# Solved: firefox flash problem...



## JAYNO20 (Aug 6, 2005)

For some reason the flash in my firefox isnt working right.. if i go anywhere that uses flash it will not load it, but IE will do it fine.. i've tried installing adoble flash player a few times for both IE and firefox and no matter what i do firefox will not play flash... anyone have any ideas?


----------



## Augie65 (Mar 24, 2005)

Try running Firefox in safe mode.
*Start*> *Mozilla Firefox*> *Mozilla Firefox (Safe Mode)*.
If Flash works, then it is an extension or theme effecting Firefox.
If you have Adblock, then click on *Tools*> *Adblock*> *Preferences*> *Adblock Options*> 
and uncheck *OBJ-TABS* 
Type *aboutlugins* in the address bar of Firefox and hit *Enter*. See if Flash plugin is listed.
Test your Flash Player.


----------



## JAYNO20 (Aug 6, 2005)

OK, good info there, thanks for the help. It ended up being the extension "flash block" which worked fine for me in previous versions, but i guess this one has a bug.
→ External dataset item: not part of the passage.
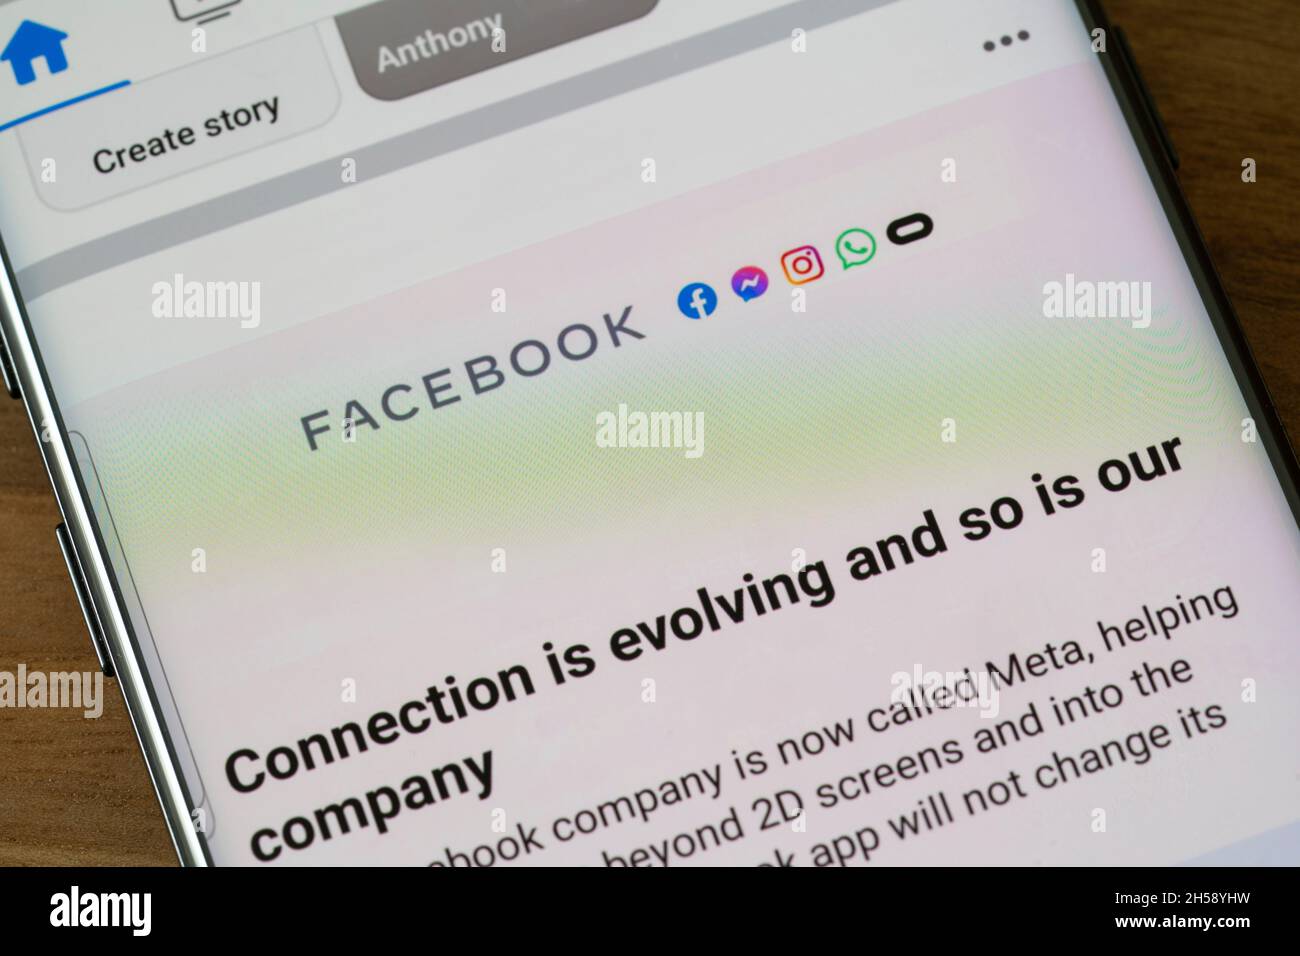 Facebook s'est rebaptisé Meta - la marque couvre les applications Facebook, Messenger, Instagram et WhatsApp - affichées sur l'écran d'un smartphone.ROYAUME-UNI Banque D'Images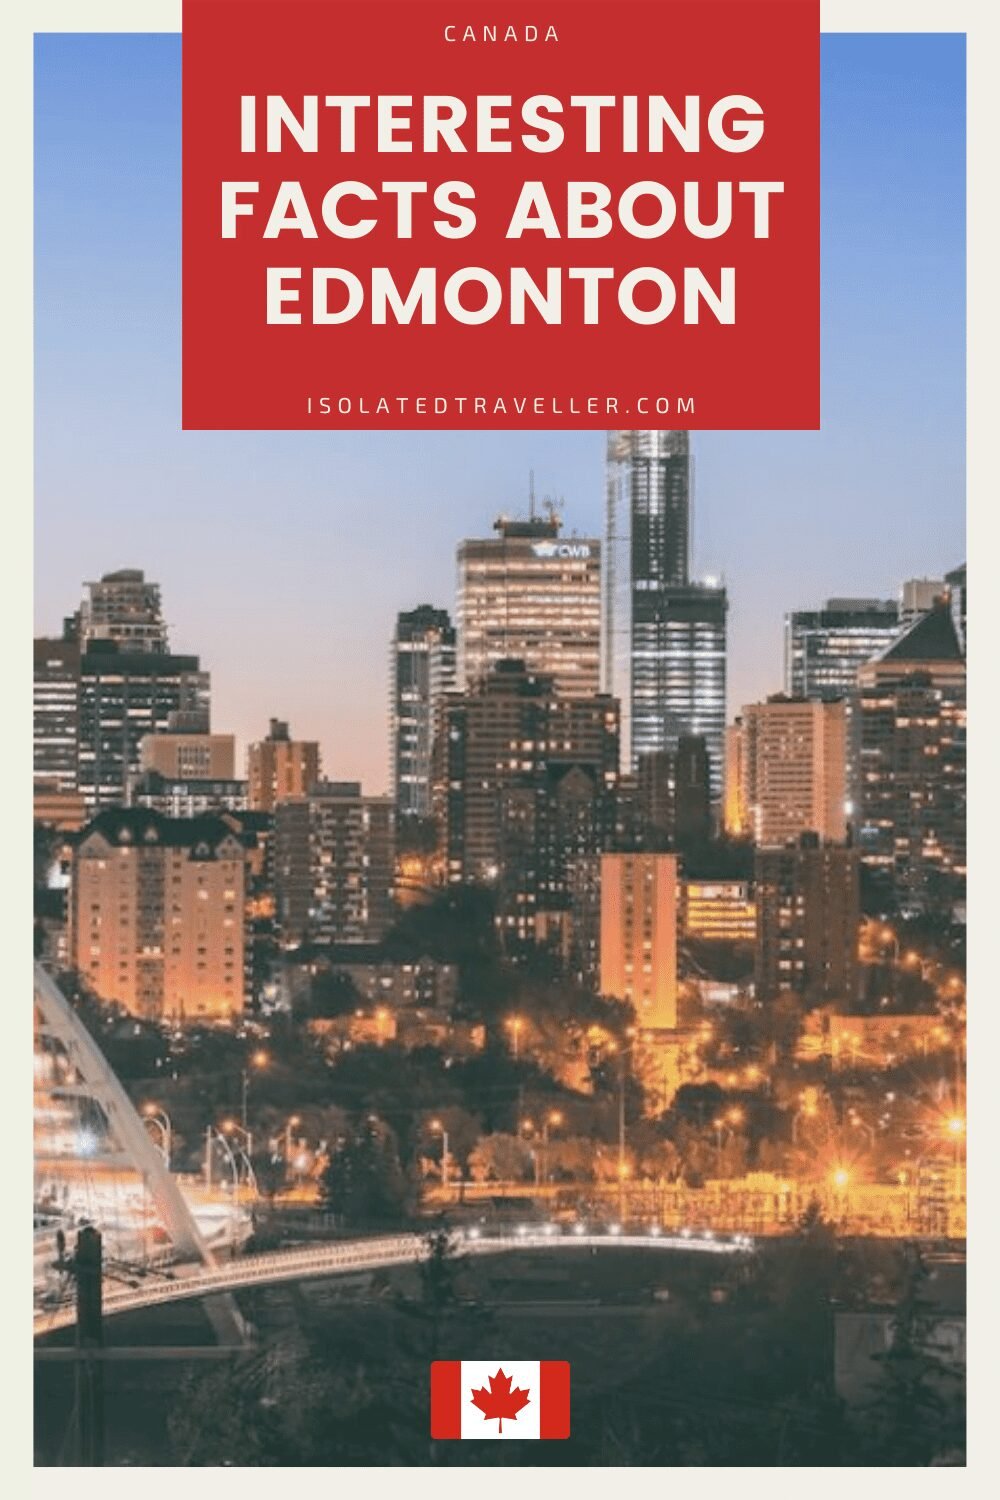 Facts About Edmonton

Thanks :up:


----------



## Augie65 (Mar 24, 2005)

You are very welcome.


----------



## LowSx (Sep 22, 2007)

I've got the same problem.But i don't have any Flash block or Adblock.I preinstalled Windows and after few days the problem appeared again.I'm with with the latest version of Mozilla and flash player.In the aboutlugins there isn't flash player.


----------